Giovedì 27 e venerdì 28 in Europa cambia tutto: si attendono infatti nomine “di peso”, in primis quella del Presidente della Commissione europea. Corposa dunque l’agenda del Consiglio Europeo del 27 e 28 giugno che, oltre alle nomine, vede sul tavolo questioni come l’Ucraina, le politiche per la sicurezza, le sanzioni alla Russia, il Medio Oriente. Si tratta insomma di dar vita alla roadmap delle prossime attività del Consiglio d’Europa.
Riguardo alle cariche apicali, i nomi più gettonati al momento sono quelli di Ursula von der Leyen per la Commissione, Antonio Costa per il Consiglio Europeo, Kaja Kallas favorita come Alto Rappresentante. Ed è proprio sulla votazione per von der Leyen che si concentra la diplomazia perché è determinante il peso italiano, con Fdi/Ecr più forte. Sappiamo che Giorgia Meloni ha chiesto discontinuità e candidato l’Italia ad assumere ruoli di primo piano. Von der Leyen, dal canto suo, chiede il sostegno del partito della destra italiana ma non sembra intenzionata a concedere molto. Sul piatto ci sono le candidature di due ministri: Giancarlo Giorgetti e Raffaele Fitto. Ma anche quelle dei due outsider Letizia Moratti, in quota FI e dunque Ppe, e il tecnico Daniele Franco, che in Europa rappresenterebbe l’autorevolezza di Mario Draghi. «Meloni – spiegano attenti osservatori – sembrerebbe anche tentata di chiudere la partita sui commissari calando l’asso di una donna che rafforzerebbe l’autorevolezza italiana senza costringere il governo a un rimpasto ravvicinato: la carta Elisabetta Belloni, direttore del DIS, è sul tavolo di Palazzo Chigi». Fitto rimane però in pole position, anche per la sua lunga esperienza in Europa.
Chi si mette di traverso alla futura “Maggioranza Ursula bis” è, com’era prevedibile, è il noto nemico di Bruxelles, Viktor Orbàn, che se la prende ora col leader dei popolari, il tedesco Manfred Weber.

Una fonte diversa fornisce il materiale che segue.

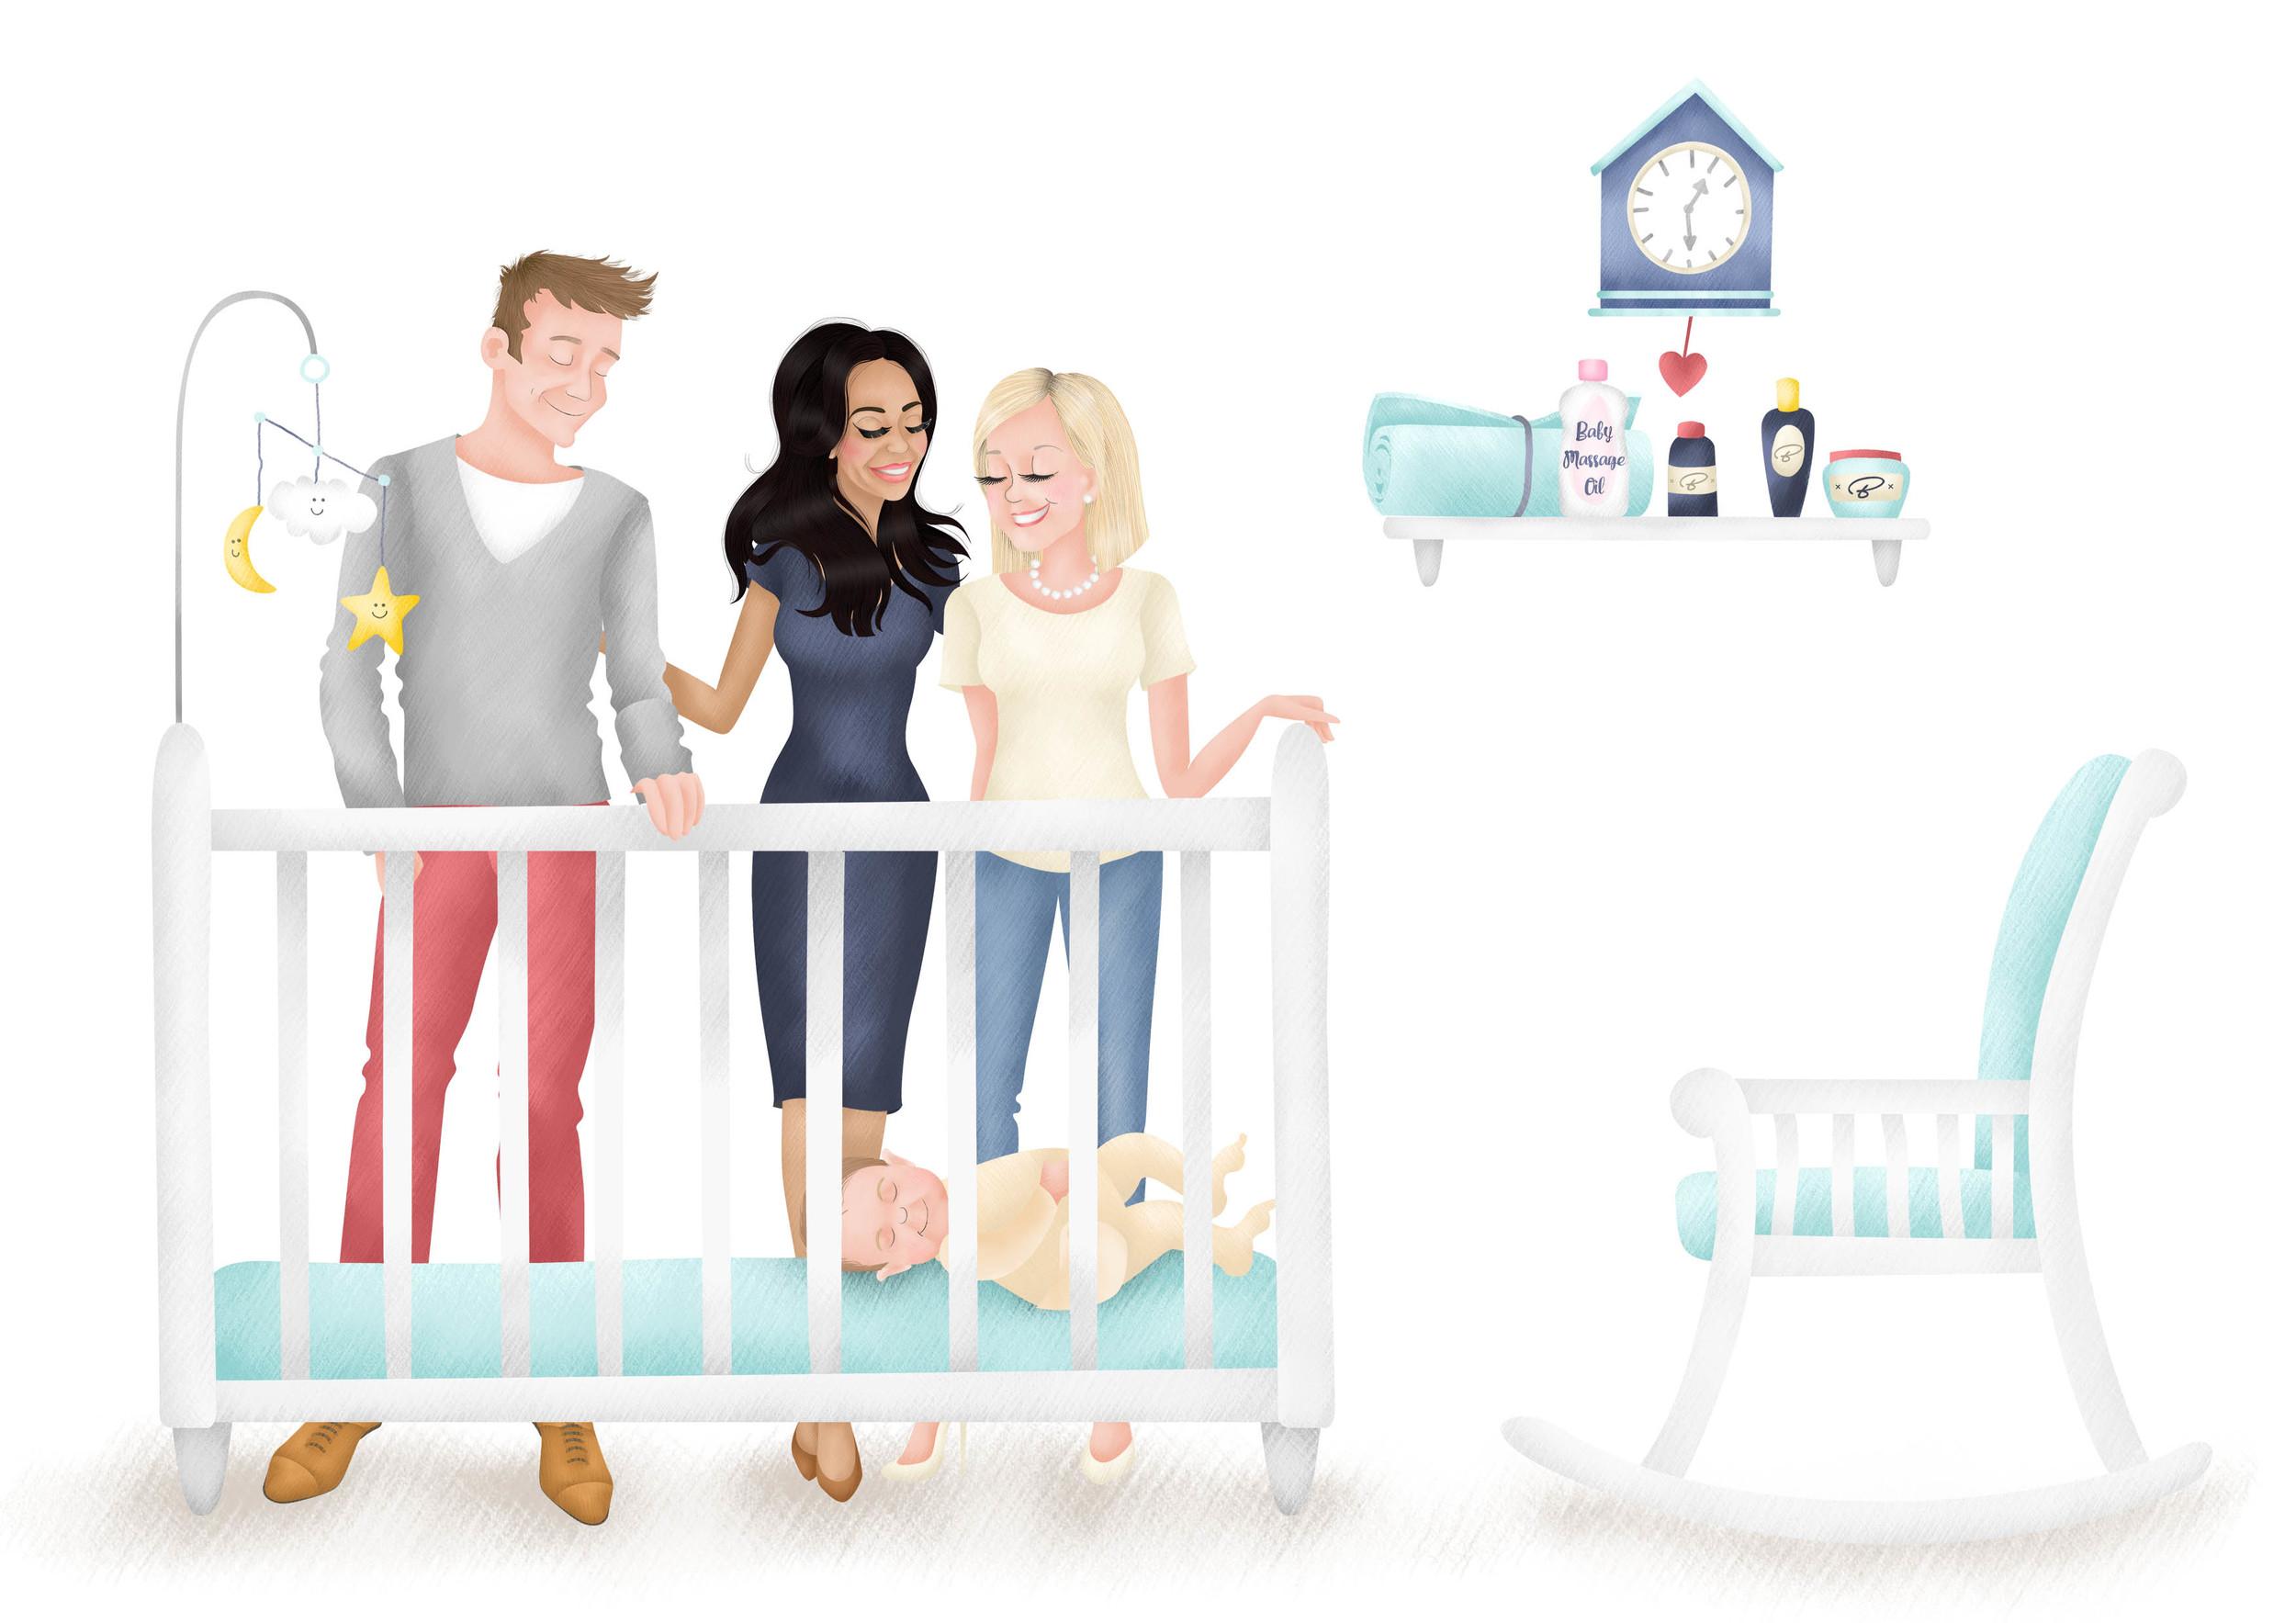 The Baby Aim - Concierge Illustration

Quell’alleanza tra popolari e socialdemocratici che si prospetta ora in Europa sarebbe, a sentire il premier ungherese, «una coalizione in favore della guerra e dell’immigrazione e contro l’economia». Per Orbàn restano aperte le porte del gruppo Id, ma l’orizzonte di un gruppo unico delle destre appare più lontana.
E gli esponenti dem? Sul portoghese Antonio Costa al vertice del Consiglio i socialisti europei fanno quadrato, ma esisterebbe anche un piano B: Enrico Letta. Sarà un caso, ma proprio ieri l’ex segretario dem ha presentato, in fretta e furia, le sue dimissioni da Sciences Po, a Parigi.